Cihangir ellerini kaldırınca polis ona yaklaştı ve üzerini aradı. Belinde bulduğu silahı alarak dizlerinin üstünde yere oturttu ve ellerini arkadan kelepçeledi. Cihangir bana çevirdi bir kez daha bakışlarını. Yüzünde saçma bir gülümseme vardı, nasıl olur da bu kadar rahat olur anlamıyorum. Suç üstü yakalanmıştı sonuçta, kurtulmaz diyemiyorum ama kolay da olmayacaktır.

Onun bu bakışlarından rahatsız olduğumu hiç belli etmeden ve hiç korkmadan ona bakarken bir anda göz kırptı. Bu yüzden afallarken Cihangir’in arkasındaki polis, içeriye giren bir başka polise seslendi.

“Götürün bunları,” dedi, polis geldi ve Cihangir'in kolundan tuttu. Onu götürmek istedi ama Cihangir hareket etmedi, bana bakmaya devam etti. Az önceki gülümseme ve rahatlık biraz olsun yok olmuş gibiydi. Öyle bir bakıyordu ki şu an elleri bağlı olmasa beni kesin öldürürdü. Yanında polis olmasına güvendim ve ona yaklaşarak karşısında durdum.
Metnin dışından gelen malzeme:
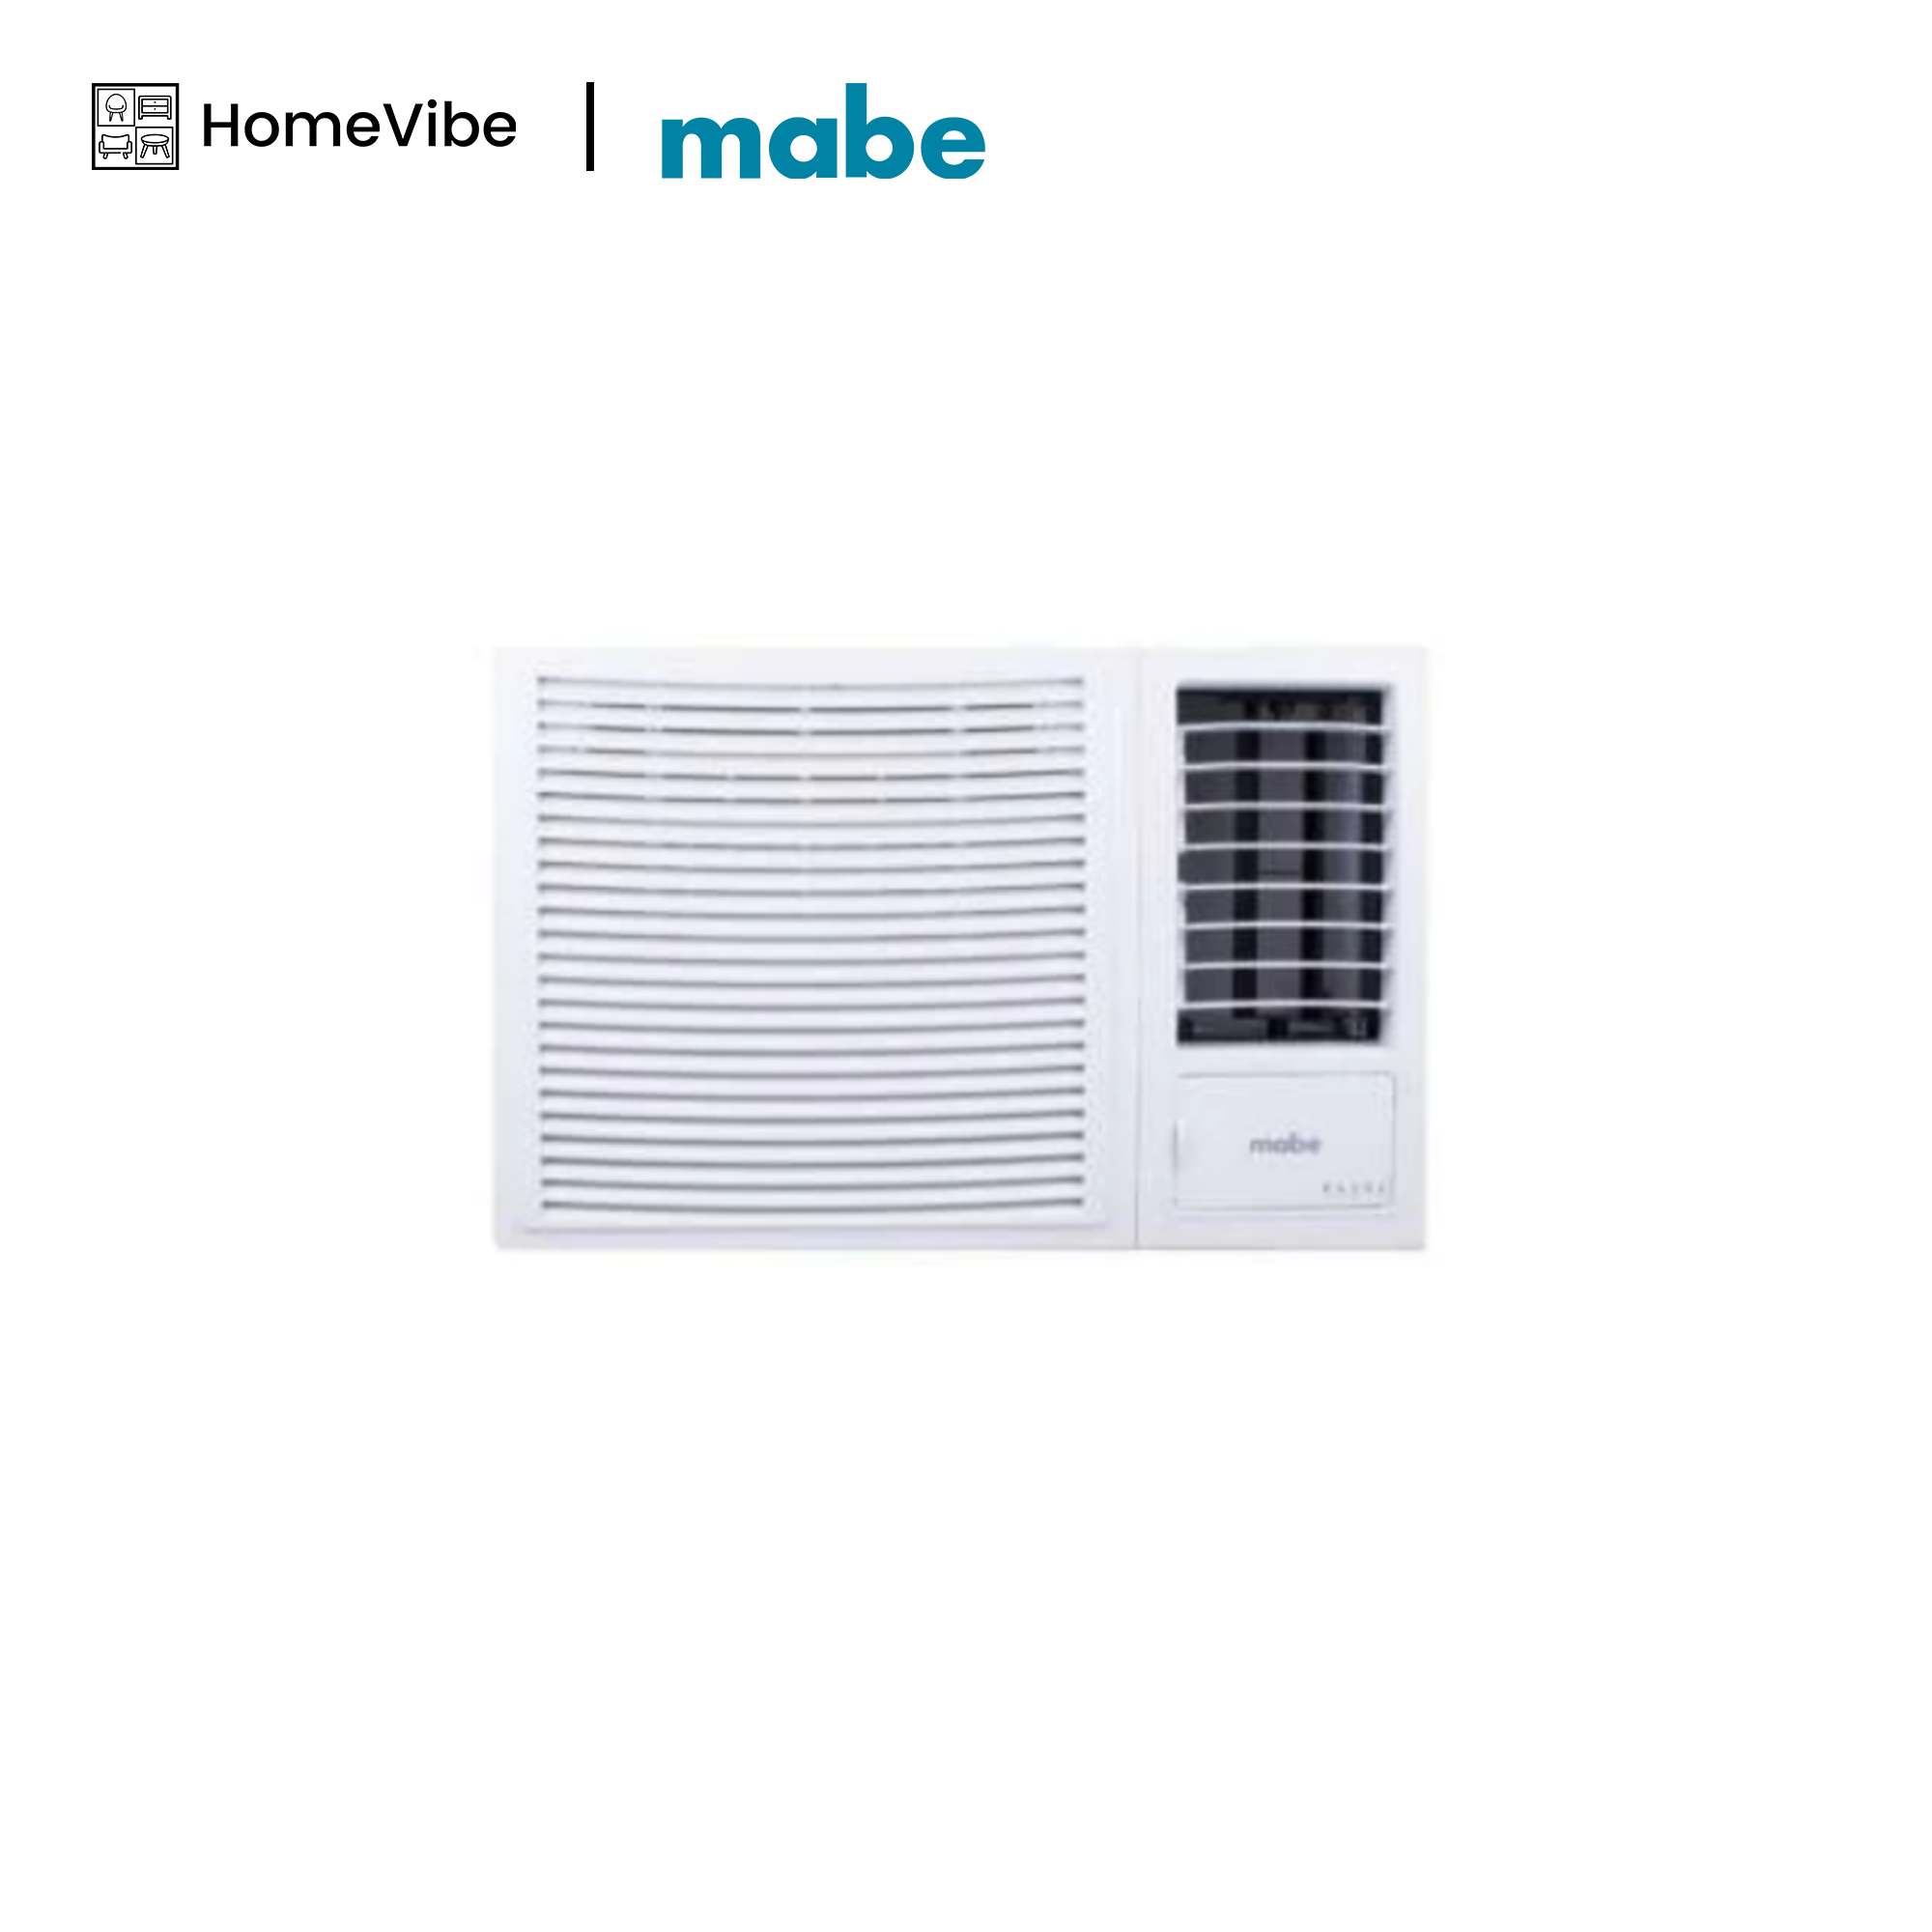 Mabe Appliances 2hp Manual Control Window Type Air Conditioner MEV18VV

“Sana senden kurtulacağımı söylemiştim.” Yüzündeki o alaylı bir ifade yeniden gün yüzüne çıktı, hâlâ neye güveniyordu anlamıyorum.
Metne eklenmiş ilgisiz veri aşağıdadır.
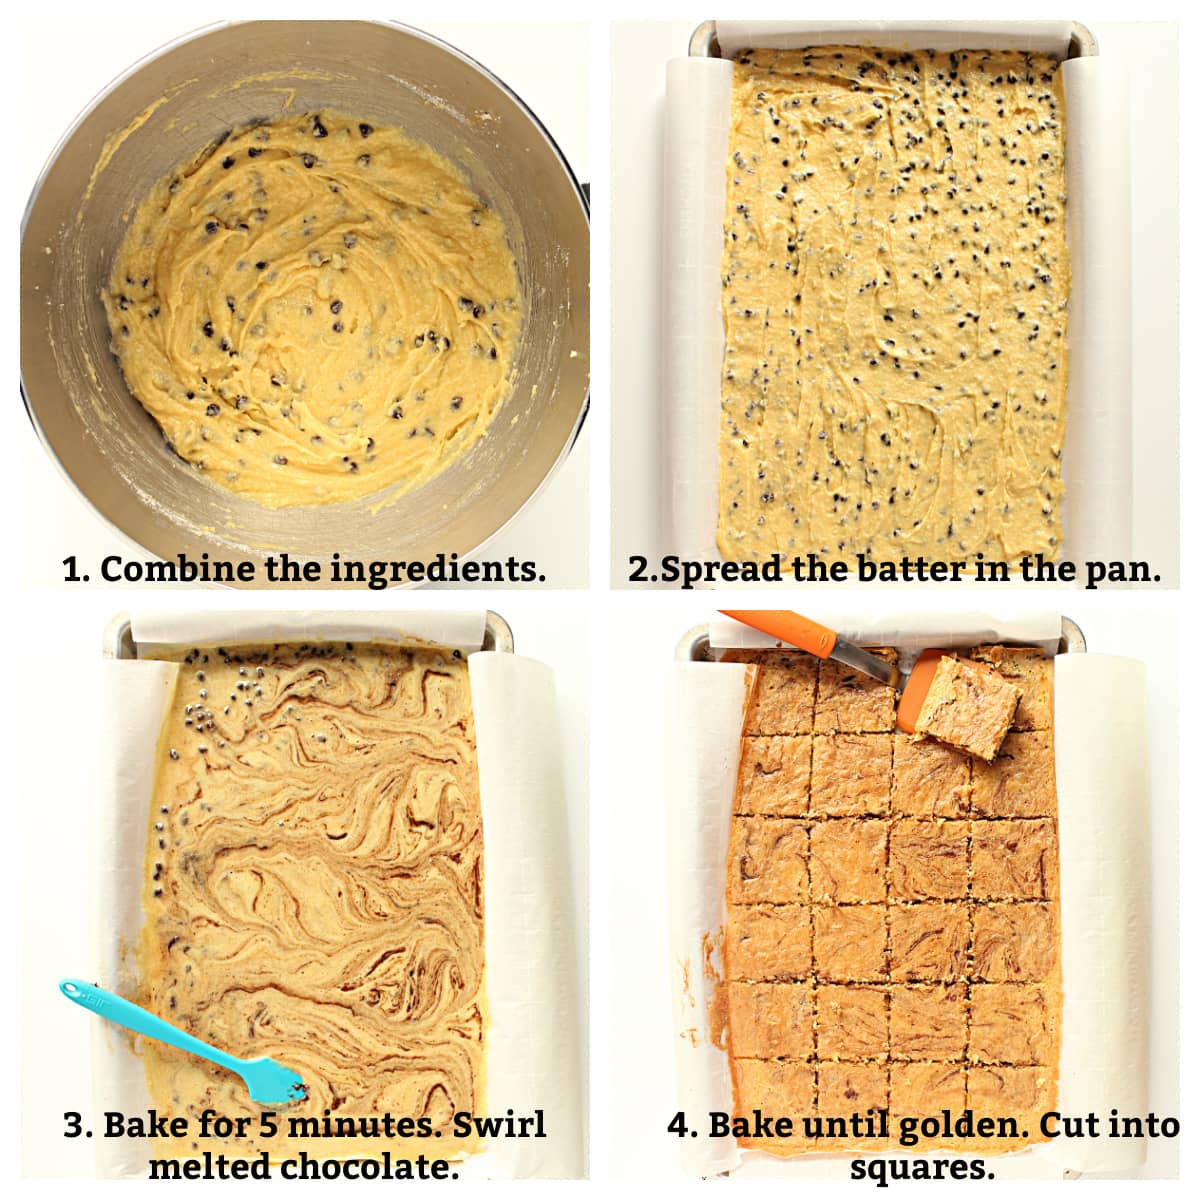 Recipe instructions; combine ingredients, spread into pan, bake, swirl melted chocolate, finish baking, cut into bars.

"Yürü hadi!" dedi polis ve Cihangir'i çekiştirdi, Cihangir gözünün ucuyla ona baktı.

"Bir dakika," dedi, gözlerini yeniden bana çevirdi ve kulağıma doğru eğildi, kimsenin duymayacağı şekilde konuştu.
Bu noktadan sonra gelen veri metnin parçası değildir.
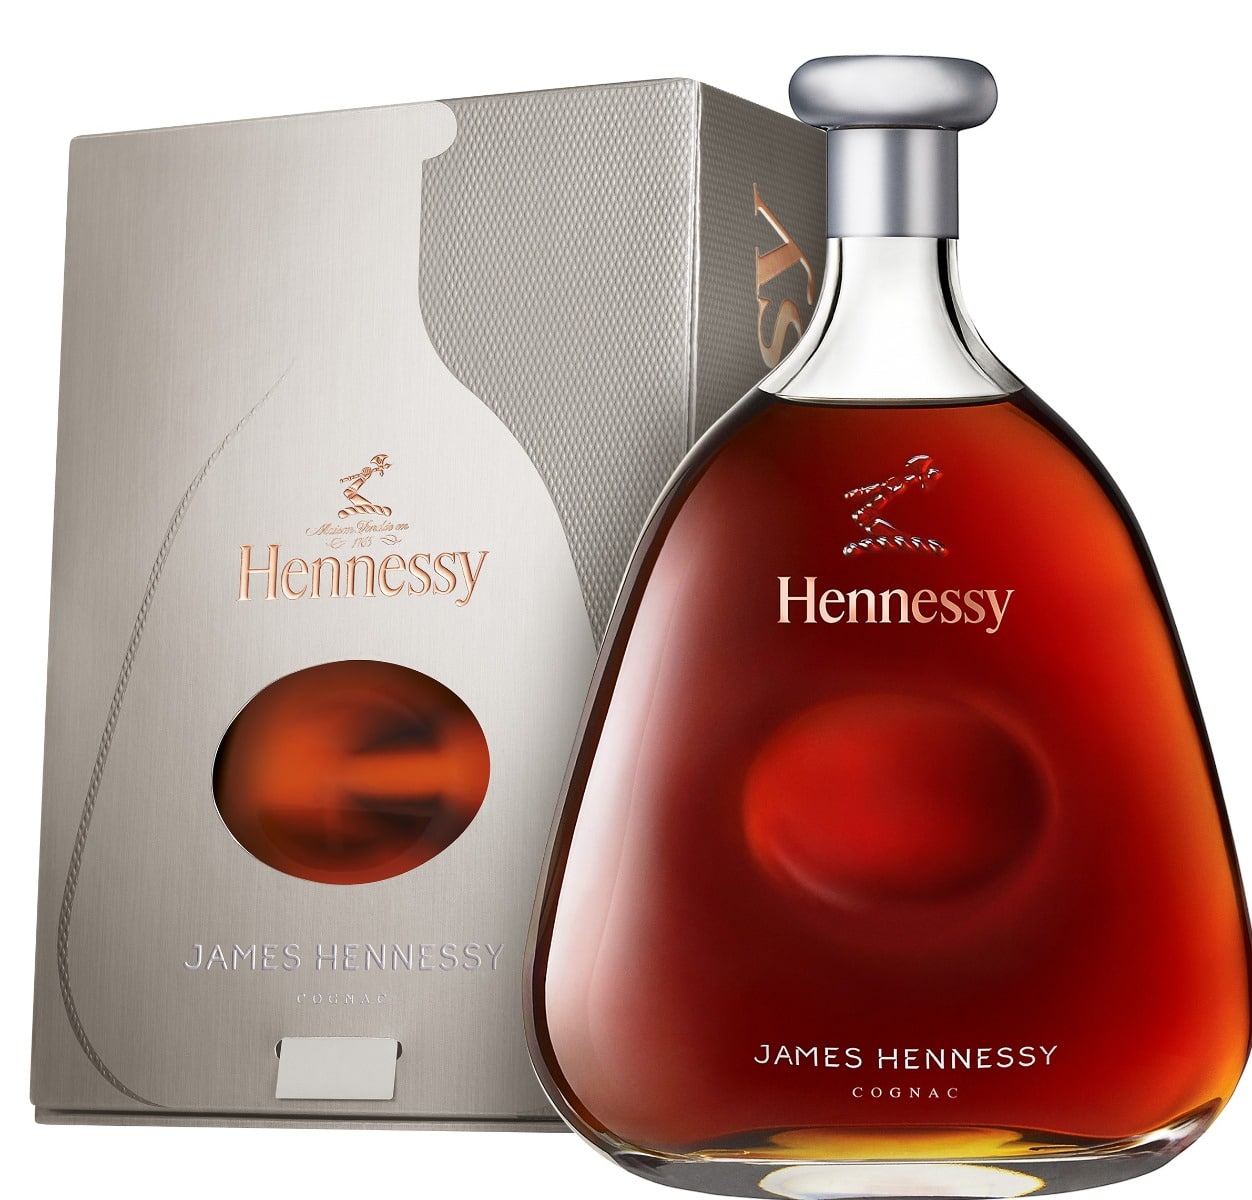 Henessy James Henessy Cognac Gift Box 40% 100CL

“Bu burada bitmedi Cemre," dedi dümdüz bir ses tonuyla. "Geri döneceğime ve seni elimle koymuş gibi bulacağıma emin olabilirsin.”

“Hiçbir şey yapamazsın," dedim kendimden emin bir şekilde, geri çekildi ve gözlerimin içine baktı.

“Bekle beni," dedi, kolundan tutup kendisini çekiştiren polisle birlikte evden çıktı. Her ne kadar hâlâ beni tehdit ediyor olsa da sanırım sonunda ondan kurtulmuştum. Biliyorum gittiği yerde çok kalmayacaktı, muhtemelen birkaç güne çıkacaktı ama hiç değilse bu durum bana herkesi güvende tutmak ve onları koruyabilmem için zaman kazandırmıştı.

“İyi misiniz beyefendi?” diye soran polis babamı ayağa kaldırdı ve koltuğa oturttu.

“İyiyim," diyen babama yaklaştım. Bana bakmış ama bir şey söylememişti.

İfadenizi almamız gerekiyor, karakola kadar gelmeniz lazım.”

“Biz sonra gelsek oluyor mu? Babam iyi değil," dedim, polis başıyla onayladı beni.

“Yarın mutlaka gelin, şikayetçi olmazsanız serbest kalırlar," diye uyardı.

“Peki," dedim, polis başka bir şey demeden evden çıktı ve gitti. O giderken babamla yalnız kalmış olduk.

“İyi misin?” diye sordum, başını kaldırdı ve yüzüme baktı. Her yeri kan içindeydi. Başıyla onaylayarak önüne dönünce tekrar konuştum.

“Bana anlatman gereken şeyler var,” dedim, tekrar bana baktı ve başını olumsuz anlamda salladı.

“Ben hiçbir şey yapmadım.”

“Neden korkuyorsun o zaman onlardan? Ya da neden senden yardım istediğimde benden vazgeçtin? Her şeyi geçtim sen yanında neden silah taşıyorsun baba, senin böyle adamlarla ne işin var? Nereden tanıyorsun bunları?” Üst üste sordum sorularımı, derin bir nefes aldı ve elimi tuttu.

“Her şeyi anlatacağım kızım.”

“Anlat o zaman,” dedim, başını önüne eğdikten sonra konuştu.

“En başta şunu bilmeni istiyorum; ben senden vazgeçmedim kızım," dedi, gözlerim doldu.

“Neden gelmedin o zaman? Gelmeni geçtim, sana olduğum yeri söylememe bile izin vermedin baba sen. Amcamlara güvende olduğumu söylemişsin, onlar bile beni senin yüzünden aramamışlar.”

“Ben senin nerede olduğunu biliyordum Cemre. Bu yüzden sana nerede olduğunu söylemene izin vermedim. Amcanlara da güvende olduğunu söyledim, çünkü seni ararlarsa onlar da tehlikeye gireceklerdi bunu istemedim.”

“Peki o zaman neden bana oradan kendin kurtul ben gelemem dedin? Polislere bile haber vermedin sen baba!”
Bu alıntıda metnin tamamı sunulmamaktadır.